Cinetragédia: Aeroporto 2015

Rubem Penz

Chegou às mãos de renomado diretor de Hollywood o seguinte roteiro cinematográfico: trama na qual as obras de ampliação da pista do aeroporto internacional de uma das mais importantes capitais de um país continental (cidade estrategicamente equidistante das duas maiores metrópoles do continente) sofreram um atraso de 20 anos. Ele folheou e, numa leitura vertical, pescou detalhes como mais de R$ 120 milhões já investidos, cerca de duas mil e quinhentas famílias cadastradas para ocuparem loteamentos (a maioria carente), algumas áreas desapropriadas sofrendo novas invasões, laudos de engenharia afirmando que o piso é inadequado para pousar aviões (desconsiderando o detalhe de que já há uma enorme pista em operação desde os anos 1950) e, se não bastasse, o plano de fazer outro aeroporto internacional inteiro a menos de 50 km de distância com a justificativa de ser mais econômico. Ele olhou para os produtores, pensou um pouco e respondeu:

– Esqueçam, todos sabem que não filmo comédias.

Envergonhados com a reação, trataram de alertar que o roteiro não era de uma história de trapalhadas. Foi quando o diretor deu mais umas folheadas e respondeu:

– Esqueçam, já fiz filmes de gangster, um deles até me rendeu Oscar.
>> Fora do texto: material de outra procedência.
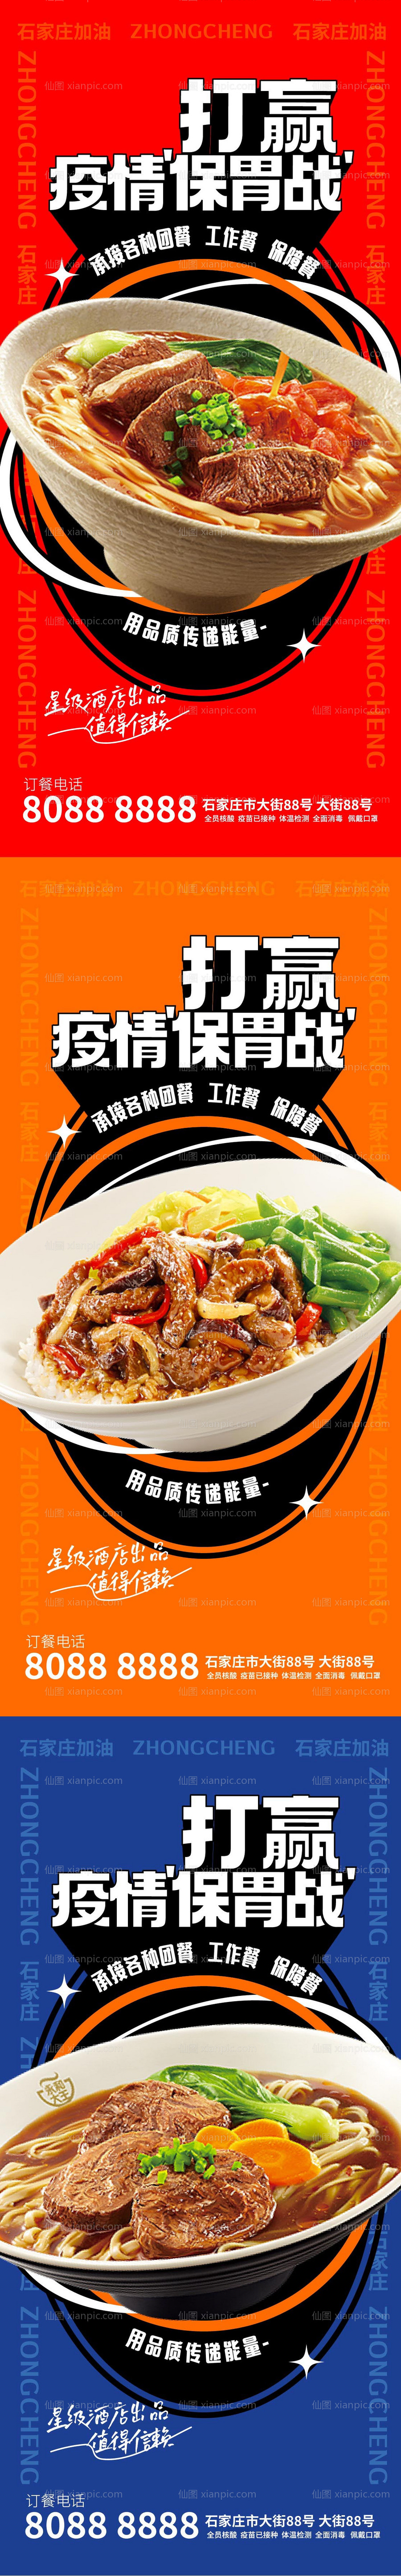 素材乐-中式快餐宣传系列海报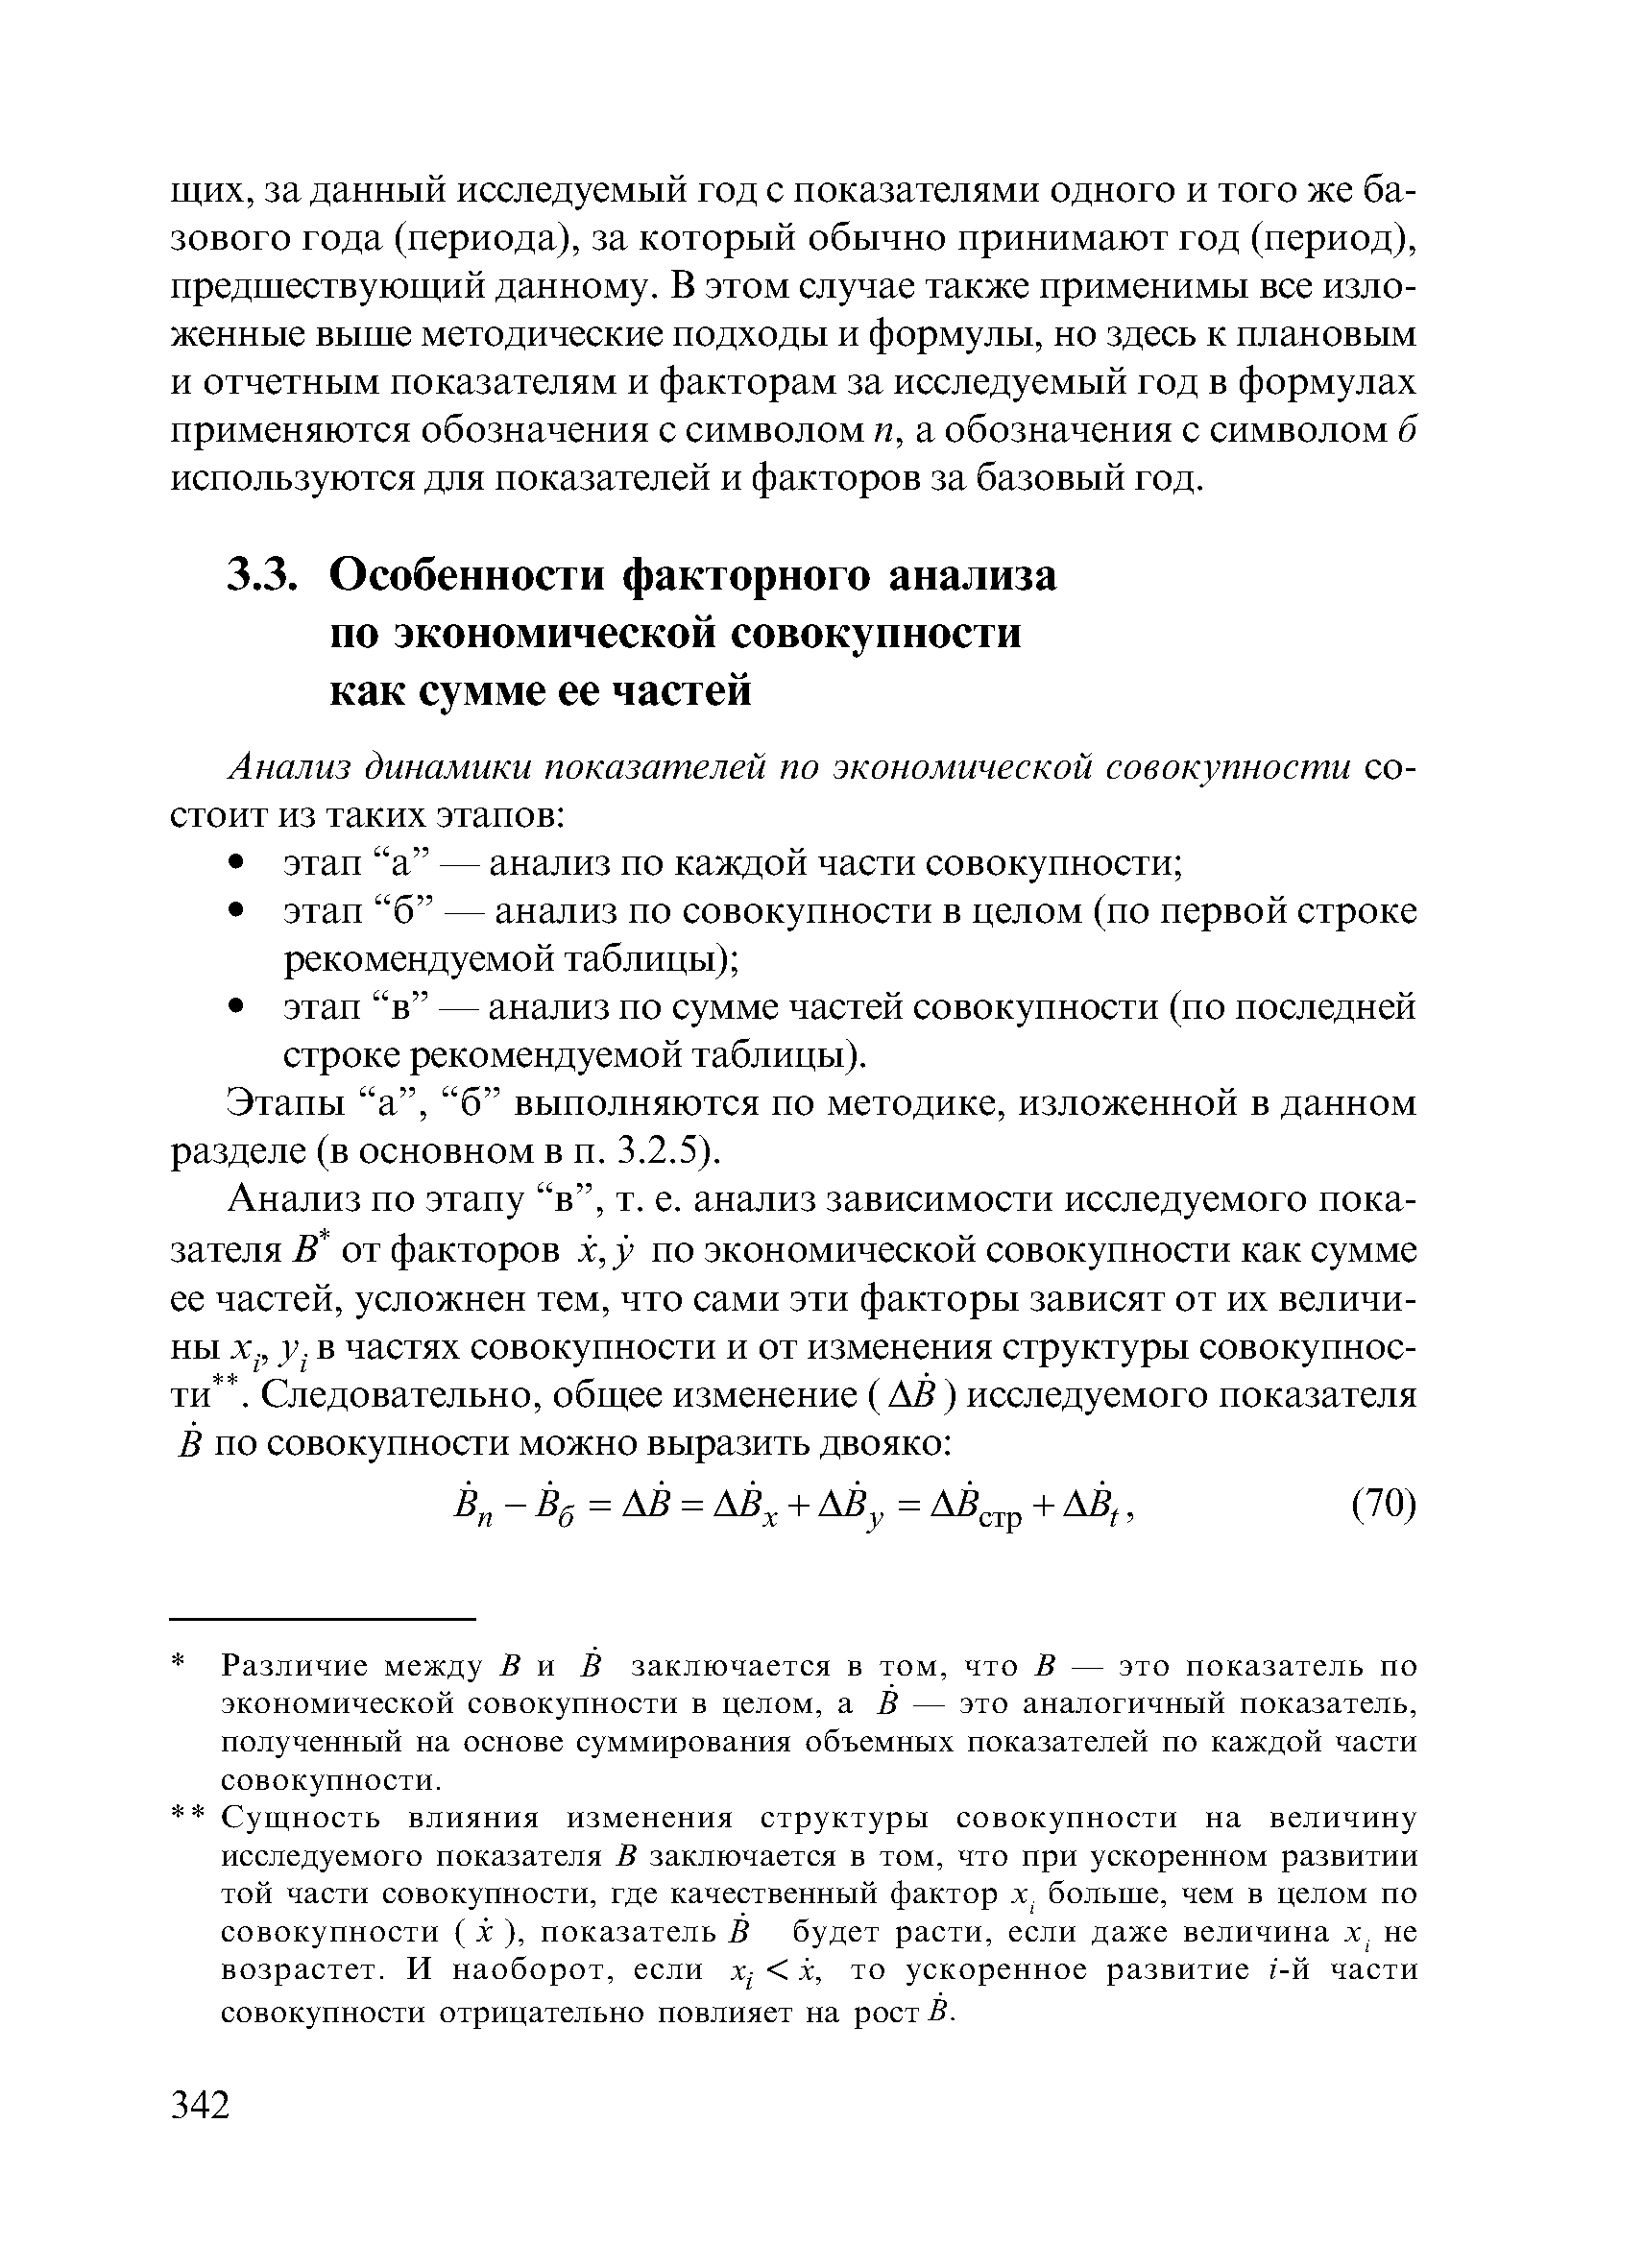 Этапы а , б выполняются по методике, изложенной в данном разделе (в основном в п. 3.2.5).

Outro não me acrescentaria nada ao currículo.

Assustados com a reação, trataram de alertar que o roteiro não era de um filme de máfia. Então, o diretor repousou a mão sobre a capa, tamborilou com os dedos e respondeu:

– Esqueçam. Para filmes de realidade mágica há outros diretores mais adequados. Posso indicar pelo menos dois.

Espantados com a reação, trataram de alertar que o roteiro não era de um filme fantástico. Mas o diretor devolveu o volume para as mãos dos produtores e respondeu:

– Reconheço que filmes de conspiração até estão em bom momento. Façam-me o favor de trazer uma história mais crível e filmarei.

Temerosos com a reação, trataram de alertar que a história não era uma intrincada trama para derrubar governos. O diretor resolveu perguntar:

– Se isso não é uma comédia, não é sobre máfia, não se trata de fantasia nem de conspiração, que raio de roteiro é esse?

Para surpresa do diretor, os produtores disseram ser um filme baseado em fatos reais. Imediatamente foram postos porta afora: ele não era palhaço de acreditar em tanta sandice numa só história.